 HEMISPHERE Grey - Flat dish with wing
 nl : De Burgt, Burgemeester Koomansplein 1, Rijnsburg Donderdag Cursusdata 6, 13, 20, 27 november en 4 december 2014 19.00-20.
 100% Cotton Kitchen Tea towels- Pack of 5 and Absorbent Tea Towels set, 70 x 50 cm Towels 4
...
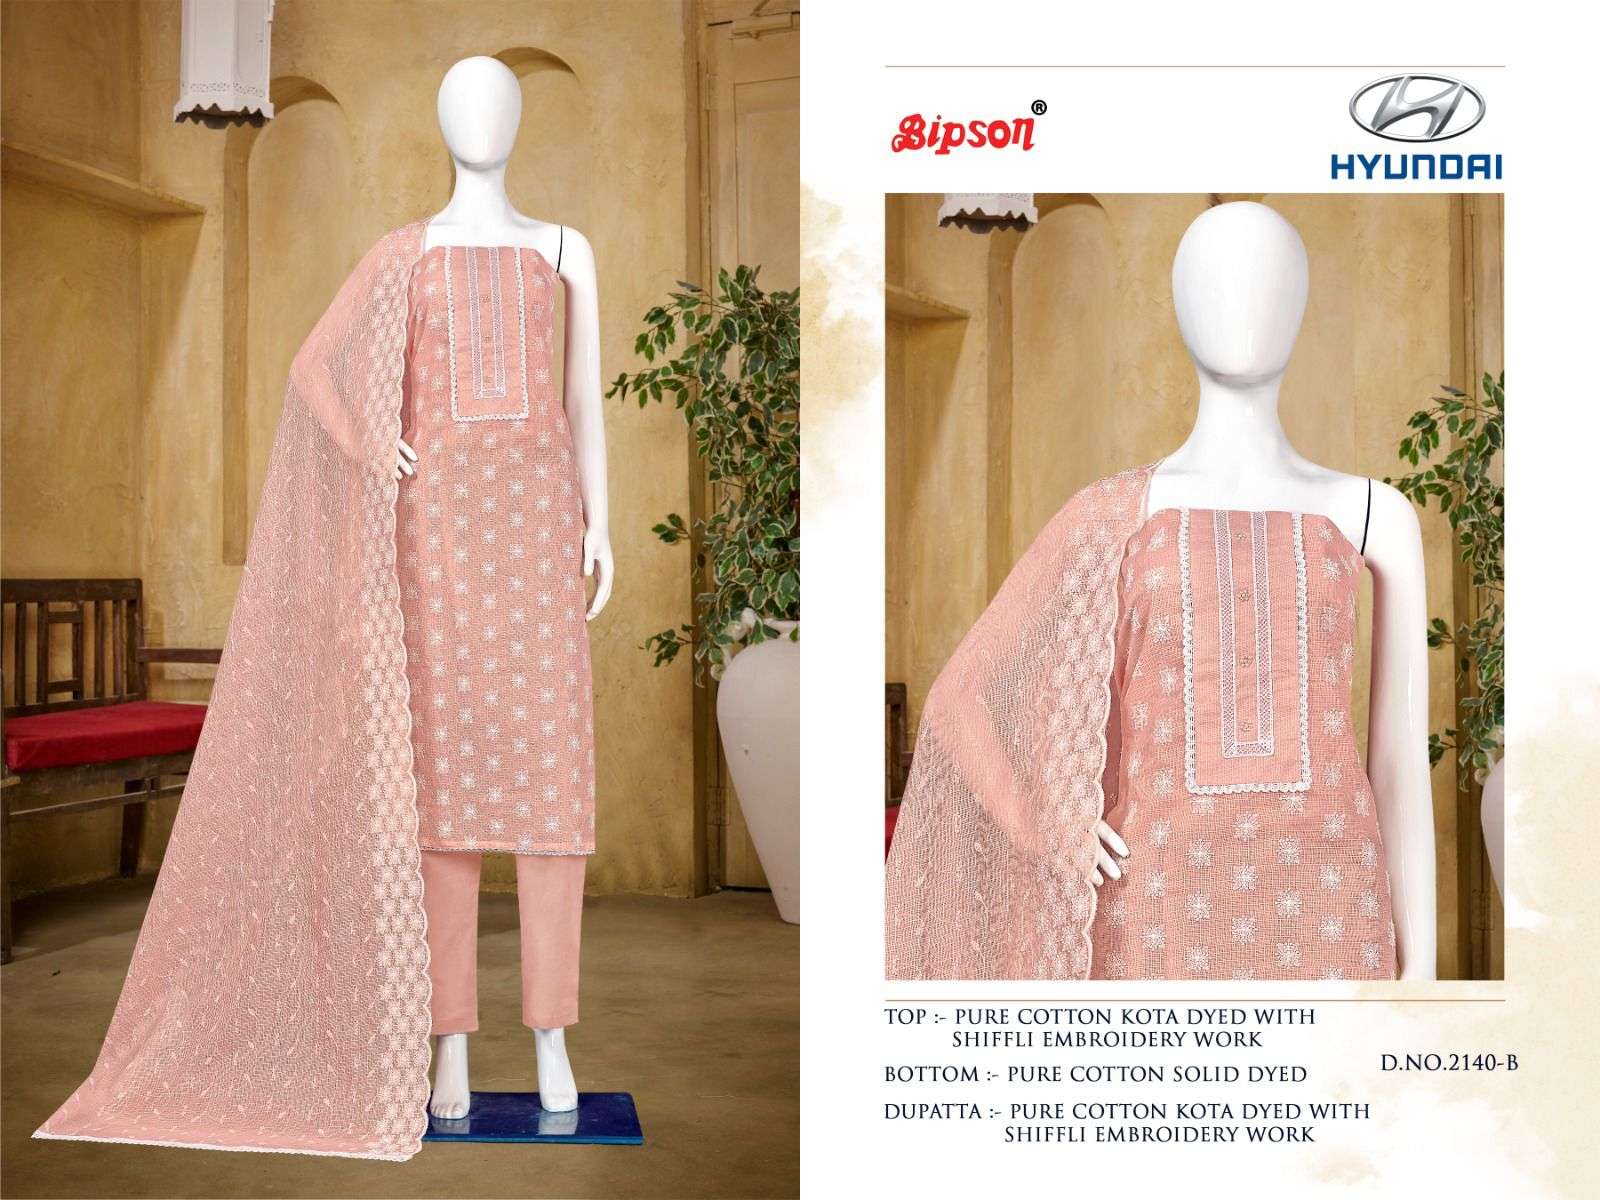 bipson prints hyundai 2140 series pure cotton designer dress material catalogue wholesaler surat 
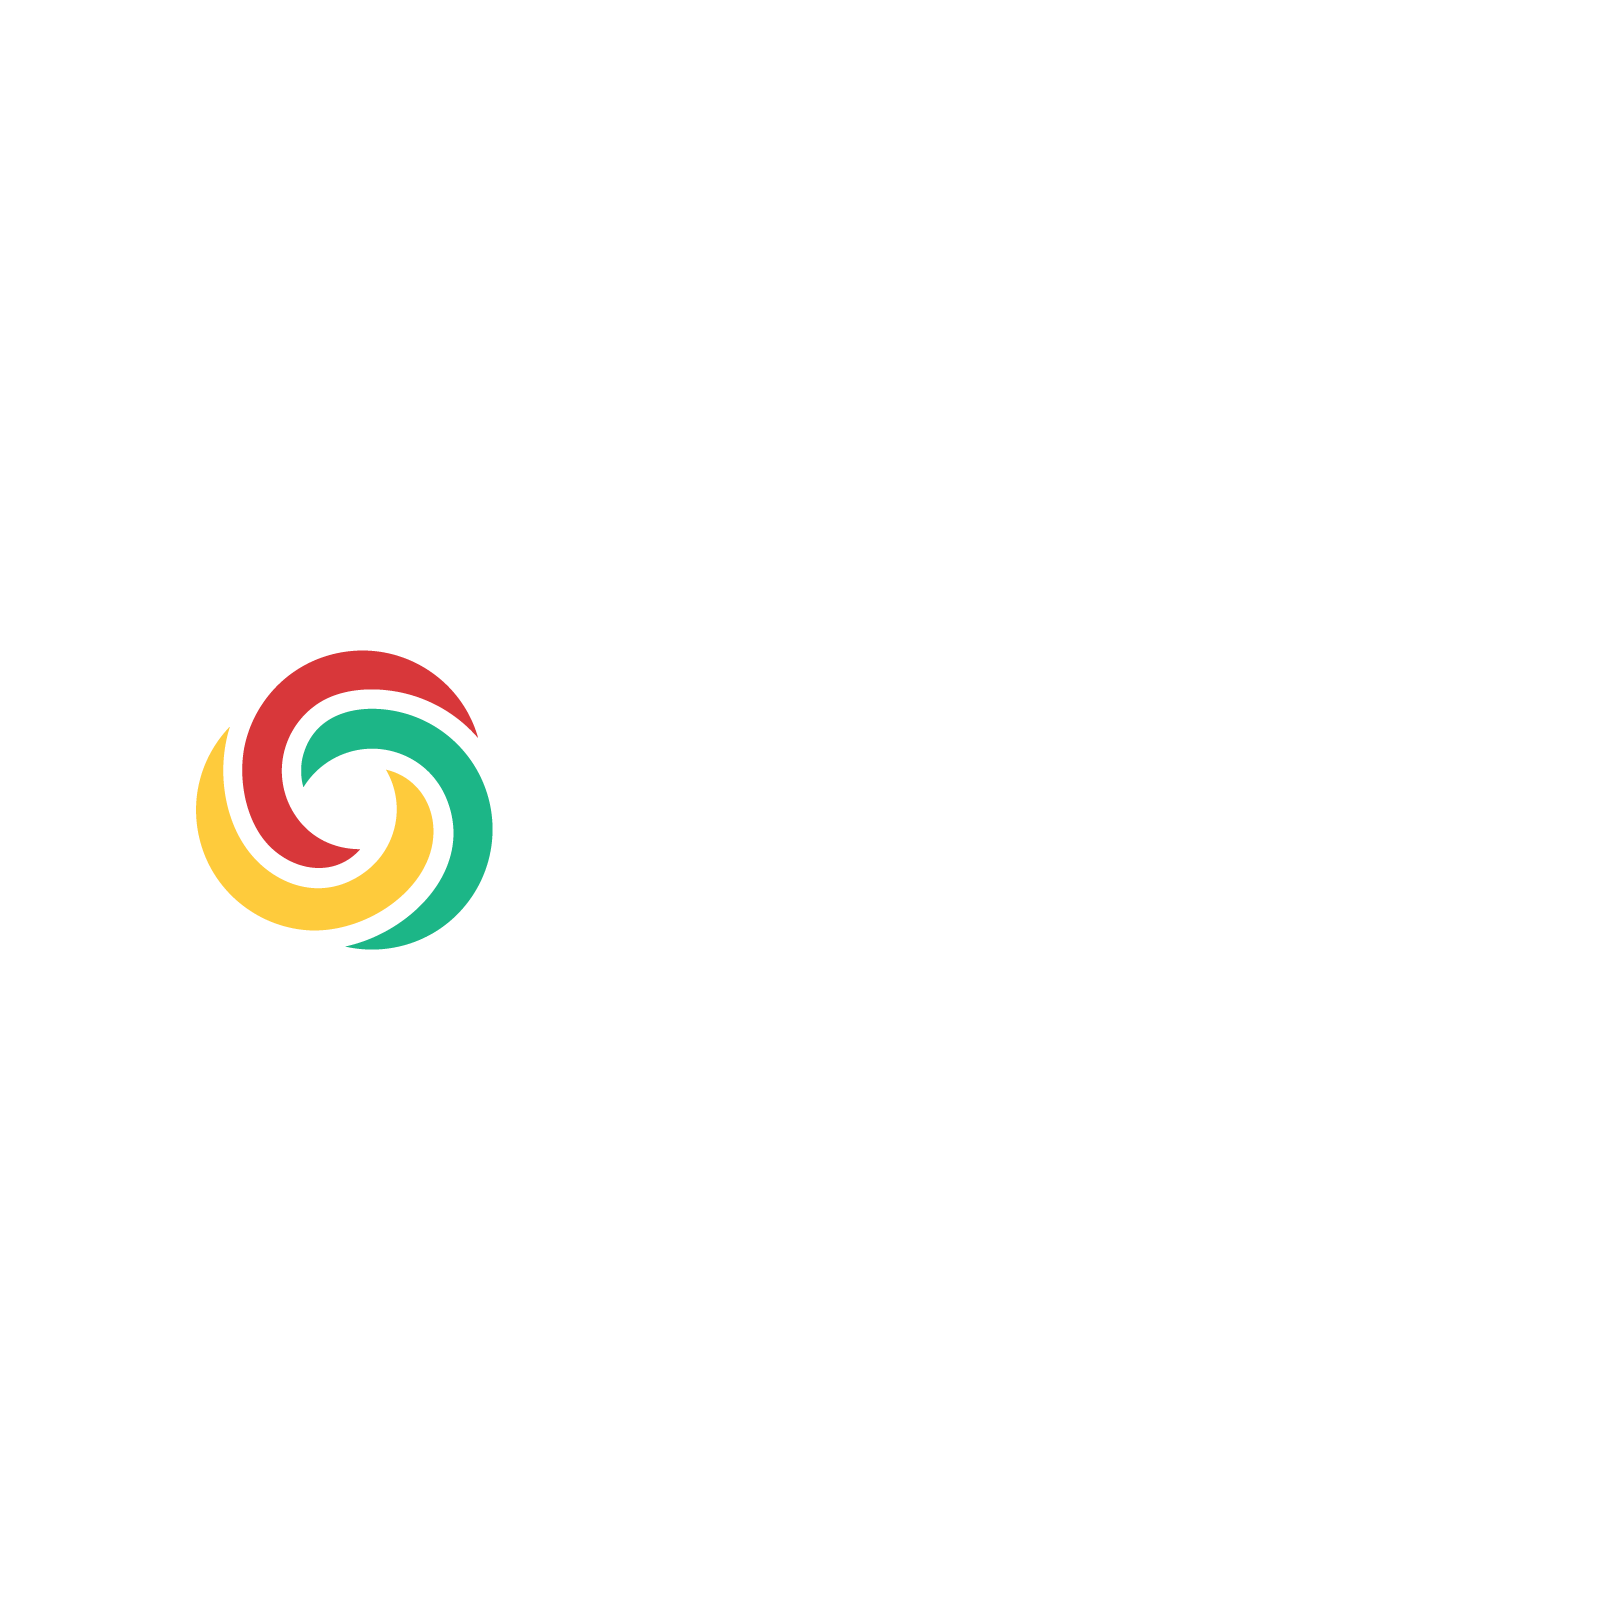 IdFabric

YOUR GOAL >> Referring to the material above, set down exactly the lines between the line with "nl : De Burgt, Burgemeester" and the line with "100% Cotton Kitchen", inclusive, and no other lines.

ANSWER TO THIS PROBLEM >>
 nl : De Burgt, Burgemeester Koomansplein 1, Rijnsburg Donderdag Cursusdata 6, 13, 20, 27 november en 4 december 2014 19.00-20.
 100% Cotton Kitchen Tea towels- Pack of 5 and Absorbent Tea Towels set, 70 x 50 cm Towels 4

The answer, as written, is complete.